# Screws or Nails for Aluminum Soffits/Fascia?



## joshhemming

I'm a homeowner planning on installing white aluminum soffits and fascia myself. I saw a YouTube video of a guy using square head stainless steel (I think!) screws to secure his aluminum. Is this a viable alternative to stainless steel nails?

I'll be doing most of the job without an assistant. It seems like using the square head screws and a cordless drill driver would be easier than trying to nail it up. 

Any downsides to using screws? Are they driven in to where they just lightly touch the aluminum? Is 1 1/2" long enough?


----------



## PatChap

I regularly use 5/8" screws for soffit. They are labeled as soffit screws at the supplier, they aren't stainless but shouldnt get wet anyway.
I


----------



## joshhemming

Thanks. Wow, I would have thought they'd be longer.

Do you use stainless screws for the fascia, since they DO get wet? 

Do you put a couple of screws into the face of the fascia at the corner wraparound overlaps?




PatChap said:


> I regularly use 5/8" screws for soffit. They are labeled as soffit screws at the supplier, they aren't stainless but shouldnt get wet anyway.
> I


----------



## firehawkmph

Use stainless trim nails for the fascia. Get one of the drivers like the one I linked below. Makes it easy, it holds the nail and keeps you from hitting the fascia with your hammer if you slip. Just set the nails til they touch. Don't beat the heck out of them. 
http://www.toolbarn.com/malco-tnp3s.html?gclid=CKypx9qn58sCFQepaQodN14Hgg&ad=54712189574

Mike Hawkins:smile:


----------



## PatChap

+1 on the stainless trim nails shot from a pea shooter.
Prepunch the holes with a siding punch as well.

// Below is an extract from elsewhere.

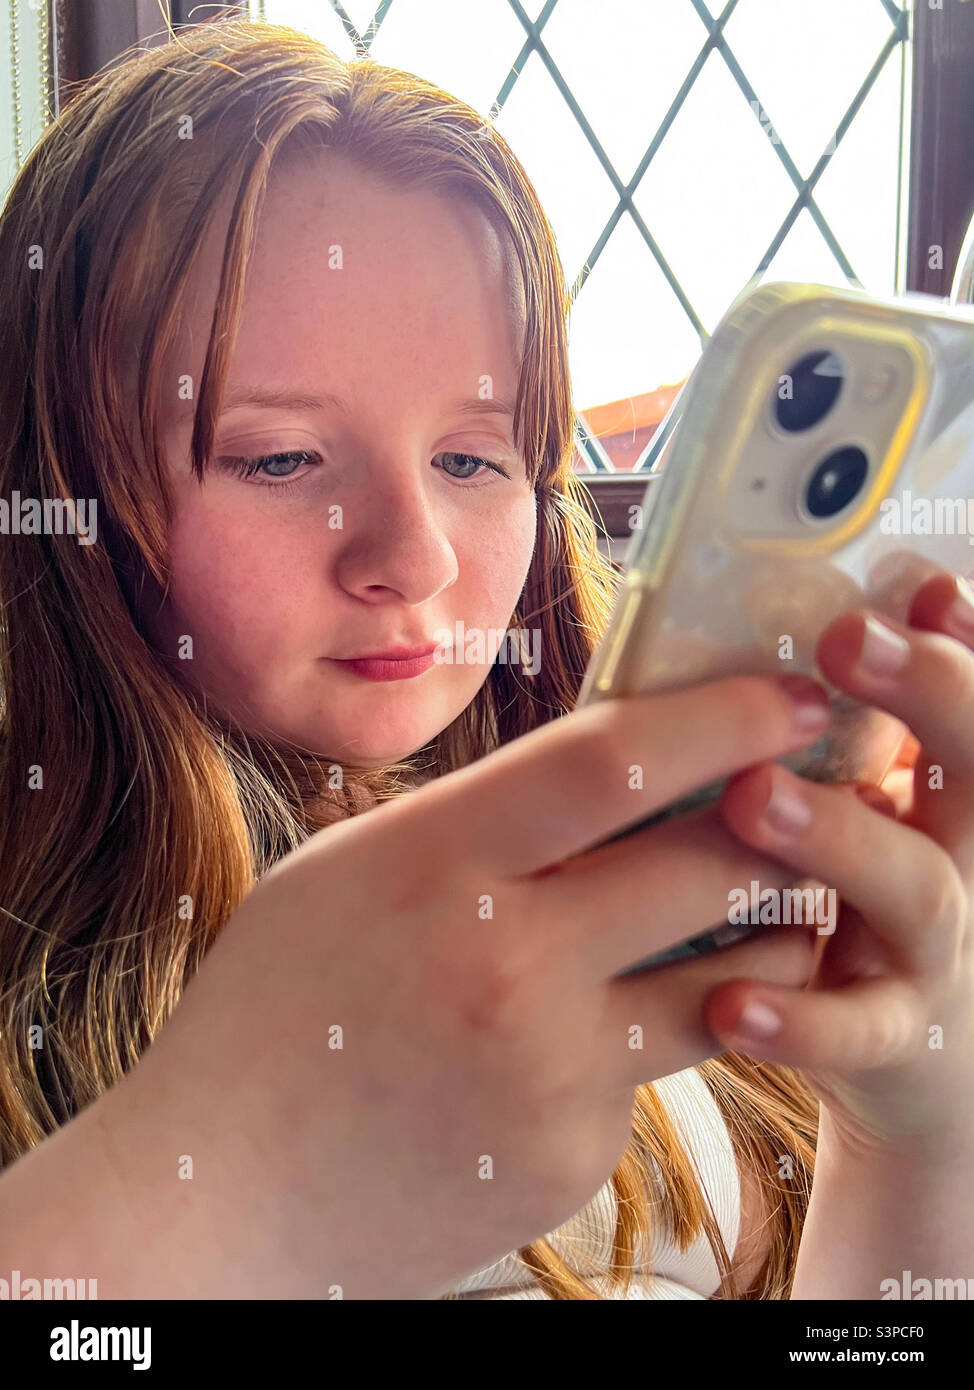 Une jeune fille s'est engagée à jouer avec son iphone Banque D'Images

On the screws, 5/8 is plenty long enough, as most soffit is around .019 thick. You can use the pea shooter for the soffit as well, but screws are a bit more user friendly.


----------



## Yodaman

good info here guys, anything visible gets pre-drilled (or punched), I do leave my SS nails just shy of flush. (maybe a 1/32) Just enough to 1.) not bend the alum out of shape by indenting, and 2.) keeps the hammer face of the metal. 
Never tried the pea shooter but I am sure it would save the fingers starting those small nails.


----------